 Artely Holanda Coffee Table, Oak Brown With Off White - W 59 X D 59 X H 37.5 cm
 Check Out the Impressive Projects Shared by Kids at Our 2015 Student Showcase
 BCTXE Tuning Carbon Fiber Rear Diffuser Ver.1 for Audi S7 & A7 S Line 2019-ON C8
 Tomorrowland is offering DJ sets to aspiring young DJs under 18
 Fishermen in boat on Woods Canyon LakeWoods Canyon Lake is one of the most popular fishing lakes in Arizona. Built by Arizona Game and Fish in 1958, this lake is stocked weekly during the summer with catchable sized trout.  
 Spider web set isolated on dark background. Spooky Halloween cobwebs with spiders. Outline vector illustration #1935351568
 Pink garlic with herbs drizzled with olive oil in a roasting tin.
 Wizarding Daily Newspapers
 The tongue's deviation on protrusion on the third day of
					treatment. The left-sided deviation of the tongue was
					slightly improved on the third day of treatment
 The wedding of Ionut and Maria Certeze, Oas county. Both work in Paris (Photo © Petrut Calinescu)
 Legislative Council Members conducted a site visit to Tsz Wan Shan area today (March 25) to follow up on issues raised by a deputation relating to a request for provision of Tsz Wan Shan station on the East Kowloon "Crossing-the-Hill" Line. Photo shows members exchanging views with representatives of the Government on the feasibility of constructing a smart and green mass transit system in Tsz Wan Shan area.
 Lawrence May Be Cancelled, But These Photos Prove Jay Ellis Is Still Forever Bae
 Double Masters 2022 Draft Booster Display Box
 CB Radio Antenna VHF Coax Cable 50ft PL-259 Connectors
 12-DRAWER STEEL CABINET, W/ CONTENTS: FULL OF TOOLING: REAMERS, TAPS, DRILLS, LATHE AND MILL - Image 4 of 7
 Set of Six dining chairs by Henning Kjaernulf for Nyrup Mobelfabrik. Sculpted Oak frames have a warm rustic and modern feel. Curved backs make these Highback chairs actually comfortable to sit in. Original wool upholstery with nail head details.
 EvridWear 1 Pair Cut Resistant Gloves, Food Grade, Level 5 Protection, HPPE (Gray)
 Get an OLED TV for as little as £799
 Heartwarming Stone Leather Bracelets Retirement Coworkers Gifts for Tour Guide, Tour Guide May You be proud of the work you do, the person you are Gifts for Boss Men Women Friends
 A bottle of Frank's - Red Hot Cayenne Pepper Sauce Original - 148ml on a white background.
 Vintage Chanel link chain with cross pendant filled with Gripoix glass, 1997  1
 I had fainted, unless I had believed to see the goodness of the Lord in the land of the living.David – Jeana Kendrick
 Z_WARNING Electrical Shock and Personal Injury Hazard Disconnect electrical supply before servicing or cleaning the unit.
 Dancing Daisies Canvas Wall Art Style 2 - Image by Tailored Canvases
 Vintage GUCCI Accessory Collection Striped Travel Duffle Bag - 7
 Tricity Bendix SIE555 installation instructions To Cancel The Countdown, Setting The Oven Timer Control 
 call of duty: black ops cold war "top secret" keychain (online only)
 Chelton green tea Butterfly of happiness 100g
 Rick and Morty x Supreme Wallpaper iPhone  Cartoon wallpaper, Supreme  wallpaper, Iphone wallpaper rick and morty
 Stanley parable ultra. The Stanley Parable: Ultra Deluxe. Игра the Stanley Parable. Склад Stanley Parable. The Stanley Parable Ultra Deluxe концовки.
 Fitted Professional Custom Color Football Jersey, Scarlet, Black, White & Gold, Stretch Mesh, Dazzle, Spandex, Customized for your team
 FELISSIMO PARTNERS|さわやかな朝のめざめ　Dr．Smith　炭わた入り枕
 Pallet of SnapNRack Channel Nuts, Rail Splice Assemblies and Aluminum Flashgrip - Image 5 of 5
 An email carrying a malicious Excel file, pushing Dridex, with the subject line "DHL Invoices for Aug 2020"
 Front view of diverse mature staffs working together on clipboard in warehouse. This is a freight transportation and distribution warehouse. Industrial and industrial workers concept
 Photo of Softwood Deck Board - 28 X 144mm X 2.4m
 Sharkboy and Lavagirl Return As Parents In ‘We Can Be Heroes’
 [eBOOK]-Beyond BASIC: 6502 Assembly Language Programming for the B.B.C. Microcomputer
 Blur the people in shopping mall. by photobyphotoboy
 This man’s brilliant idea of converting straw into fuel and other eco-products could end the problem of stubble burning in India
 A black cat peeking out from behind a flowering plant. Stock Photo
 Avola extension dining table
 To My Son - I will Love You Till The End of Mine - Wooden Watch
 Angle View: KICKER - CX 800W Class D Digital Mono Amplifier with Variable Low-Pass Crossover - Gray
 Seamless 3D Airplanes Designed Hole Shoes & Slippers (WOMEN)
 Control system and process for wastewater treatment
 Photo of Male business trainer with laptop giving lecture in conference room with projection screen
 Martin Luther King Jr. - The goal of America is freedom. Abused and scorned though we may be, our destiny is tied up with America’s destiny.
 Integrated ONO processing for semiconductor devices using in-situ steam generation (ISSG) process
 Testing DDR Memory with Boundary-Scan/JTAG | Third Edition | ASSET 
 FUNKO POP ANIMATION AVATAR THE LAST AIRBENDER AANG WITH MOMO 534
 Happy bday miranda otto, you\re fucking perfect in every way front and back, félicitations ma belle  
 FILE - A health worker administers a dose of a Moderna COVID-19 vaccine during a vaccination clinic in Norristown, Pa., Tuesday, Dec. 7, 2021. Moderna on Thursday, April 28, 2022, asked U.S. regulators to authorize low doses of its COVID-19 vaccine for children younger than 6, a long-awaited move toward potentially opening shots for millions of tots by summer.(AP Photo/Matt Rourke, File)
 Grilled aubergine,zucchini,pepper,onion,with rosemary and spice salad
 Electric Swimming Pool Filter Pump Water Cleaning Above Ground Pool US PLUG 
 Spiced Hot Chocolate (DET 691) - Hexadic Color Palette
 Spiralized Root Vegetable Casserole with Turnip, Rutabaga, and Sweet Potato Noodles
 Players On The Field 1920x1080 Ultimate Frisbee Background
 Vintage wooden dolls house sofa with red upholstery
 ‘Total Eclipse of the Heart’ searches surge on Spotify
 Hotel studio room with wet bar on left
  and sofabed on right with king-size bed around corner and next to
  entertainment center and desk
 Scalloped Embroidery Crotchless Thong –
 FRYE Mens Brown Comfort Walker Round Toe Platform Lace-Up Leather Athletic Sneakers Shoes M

------------------------------------------------------------------------

Problem to solve: Give back, unchanged, the run of lines in the listing above that begins at the line containing "Set of Six dining" and ends at the line containing "A bottle of", both included.

Output of the task:
 Set of Six dining chairs by Henning Kjaernulf for Nyrup Mobelfabrik. Sculpted Oak frames have a warm rustic and modern feel. Curved backs make these Highback chairs actually comfortable to sit in. Original wool upholstery with nail head details.
 EvridWear 1 Pair Cut Resistant Gloves, Food Grade, Level 5 Protection, HPPE (Gray)
 Get an OLED TV for as little as £799
 Heartwarming Stone Leather Bracelets Retirement Coworkers Gifts for Tour Guide, Tour Guide May You be proud of the work you do, the person you are Gifts for Boss Men Women Friends
 A bottle of Frank's - Red Hot Cayenne Pepper Sauce Original - 148ml on a white background.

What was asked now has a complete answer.